I'm speaking under correction, but I think that Windows 3.0 handles memory
for Windows programs in all three modes (Real, Standard, 386)..
Windows 2.x was different, though, I recall - It had an EMS manager only (simply said),
so both DOS and Win16 programs had to support EMS in some way or another.
(By the way, OS/2 2.0 also claimed to have superior Windows /386 and 3.0 compatibility
over real Windows, since it did handle the whole memory managment for its own special build of Windows 3.0.)

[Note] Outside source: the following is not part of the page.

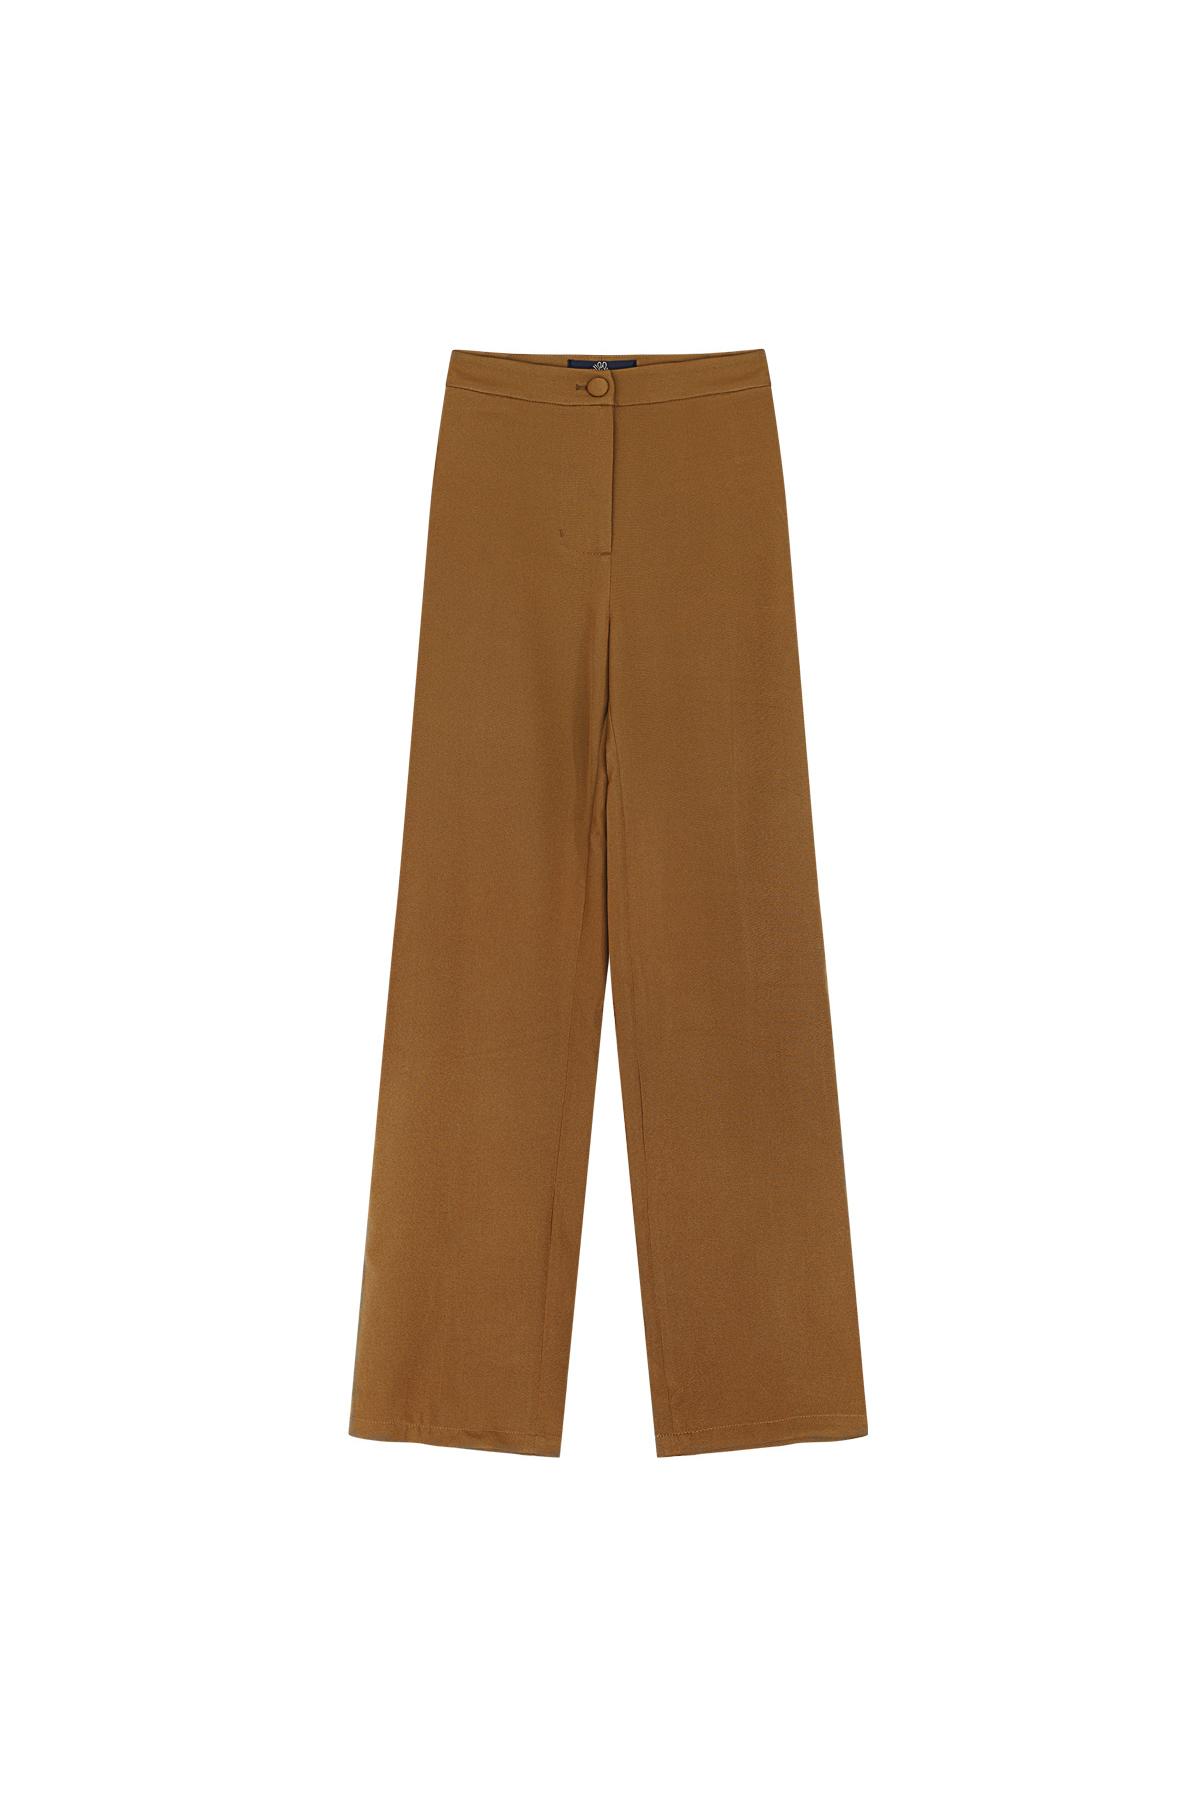 Pantalones básicos - Imprescindibles para las vacaciones Beige S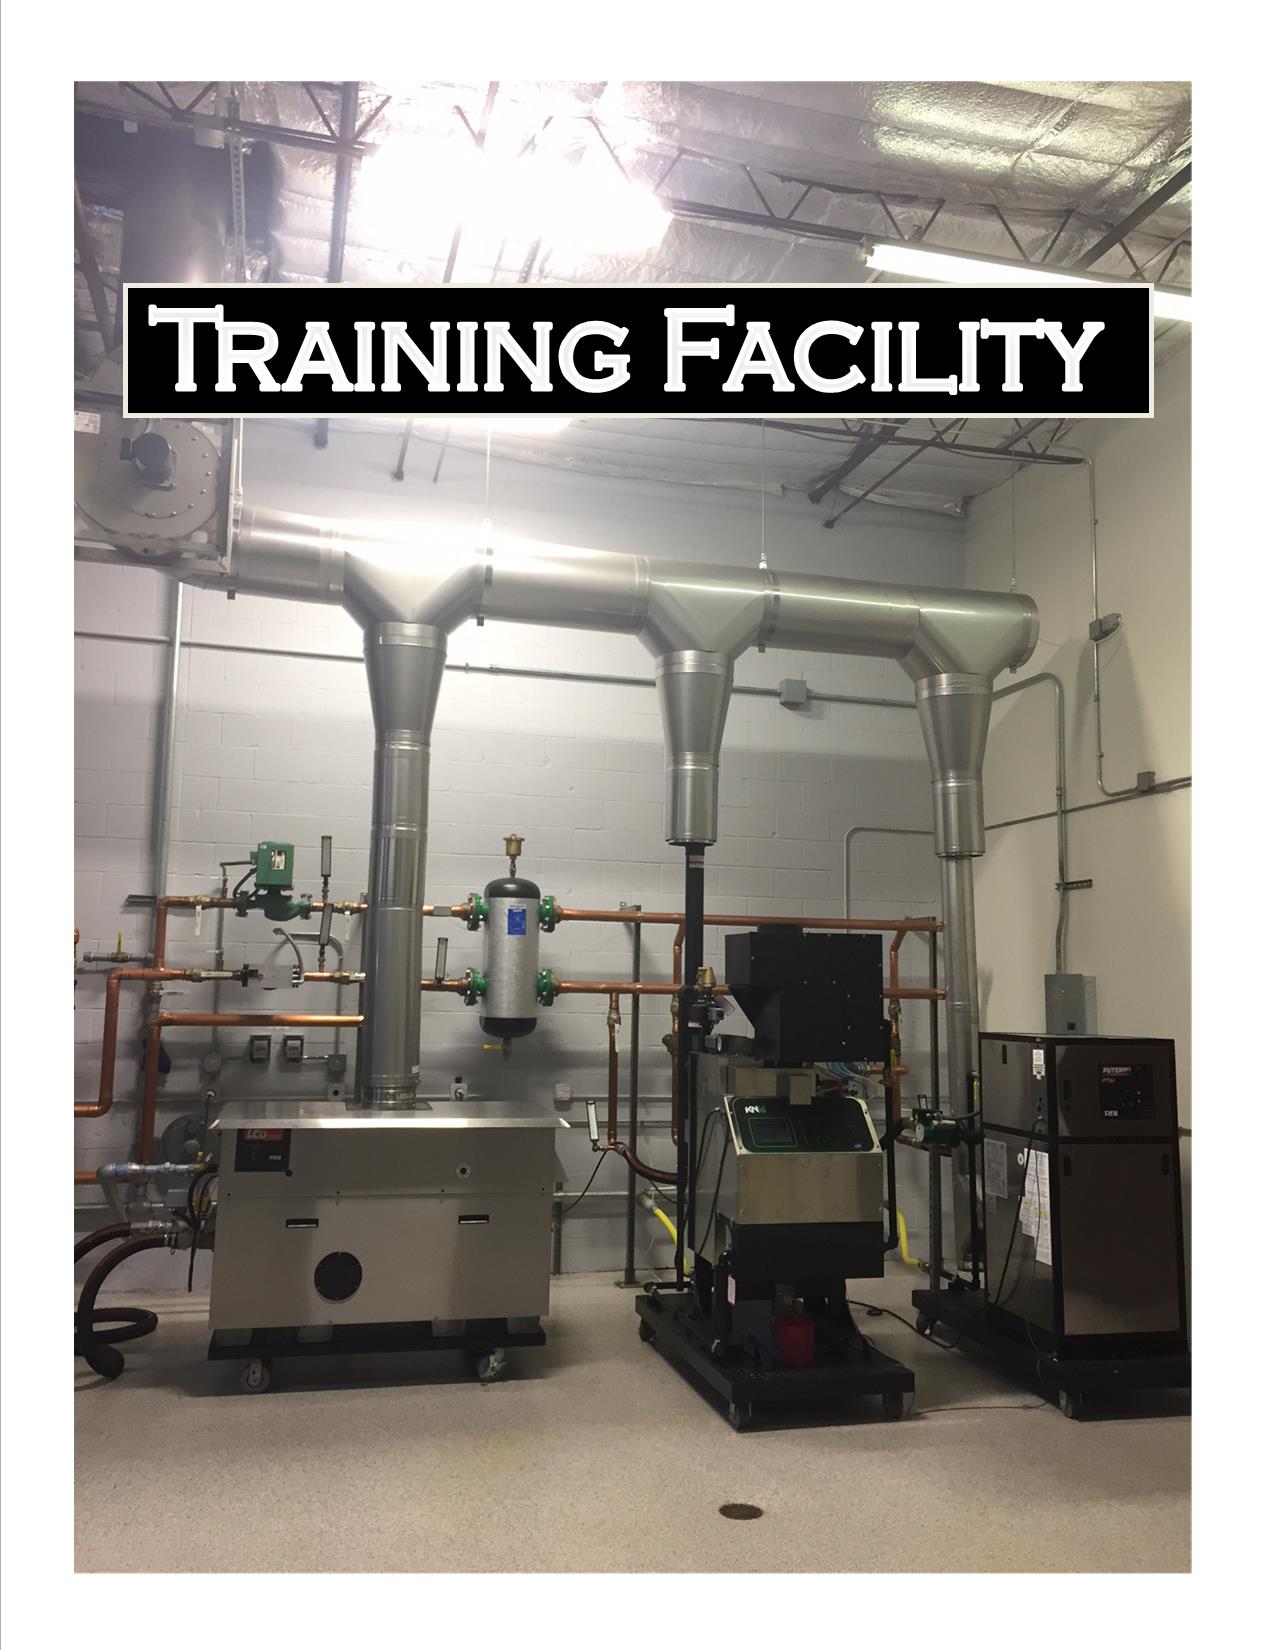 Training For Boilers In Australia

Anyway, I was able to run lots* of Windows programs in Windows 3.0 Real-Mode,
including those that were meant for Windows 1.x/2.x.
My AST Rampage 286 (EEMS/LIM4), the chipset EMS of a 286 and EMM386 were able to provide
the type of EMS needed by Win3 RM. So I assume, normal EMS page frame (64KiB)
*might* do as well, albeit with impaired performance.
That being said, I tried this with 286-586 systems only. No XTs or Lo-Tech cards yet.
EMM386+MemMaker also made my copy of Windows 2.03 see EMS (in about dialog).
More information (a little bit; some videos of mine):
Re: Windows 3.1 on a 386 with 640K RAM - Possible?
https://www.youtube.com/watch?v=XqFSWnMpVic
https://www.youtube.com/watch?v=zzCvFL30KKA
https://www.youtube.com/watch?v=DSQCKlhmEq8
https://www.youtube.com/watch?v=OsFQD0eNg2w
(* Of the ones that run in Real-Mode. Many later programs need Standard-Mode, at least.
Turbo Pascal for Windows could compile 8086/Real-Mode programs, but not Delphi and Visual Basic.)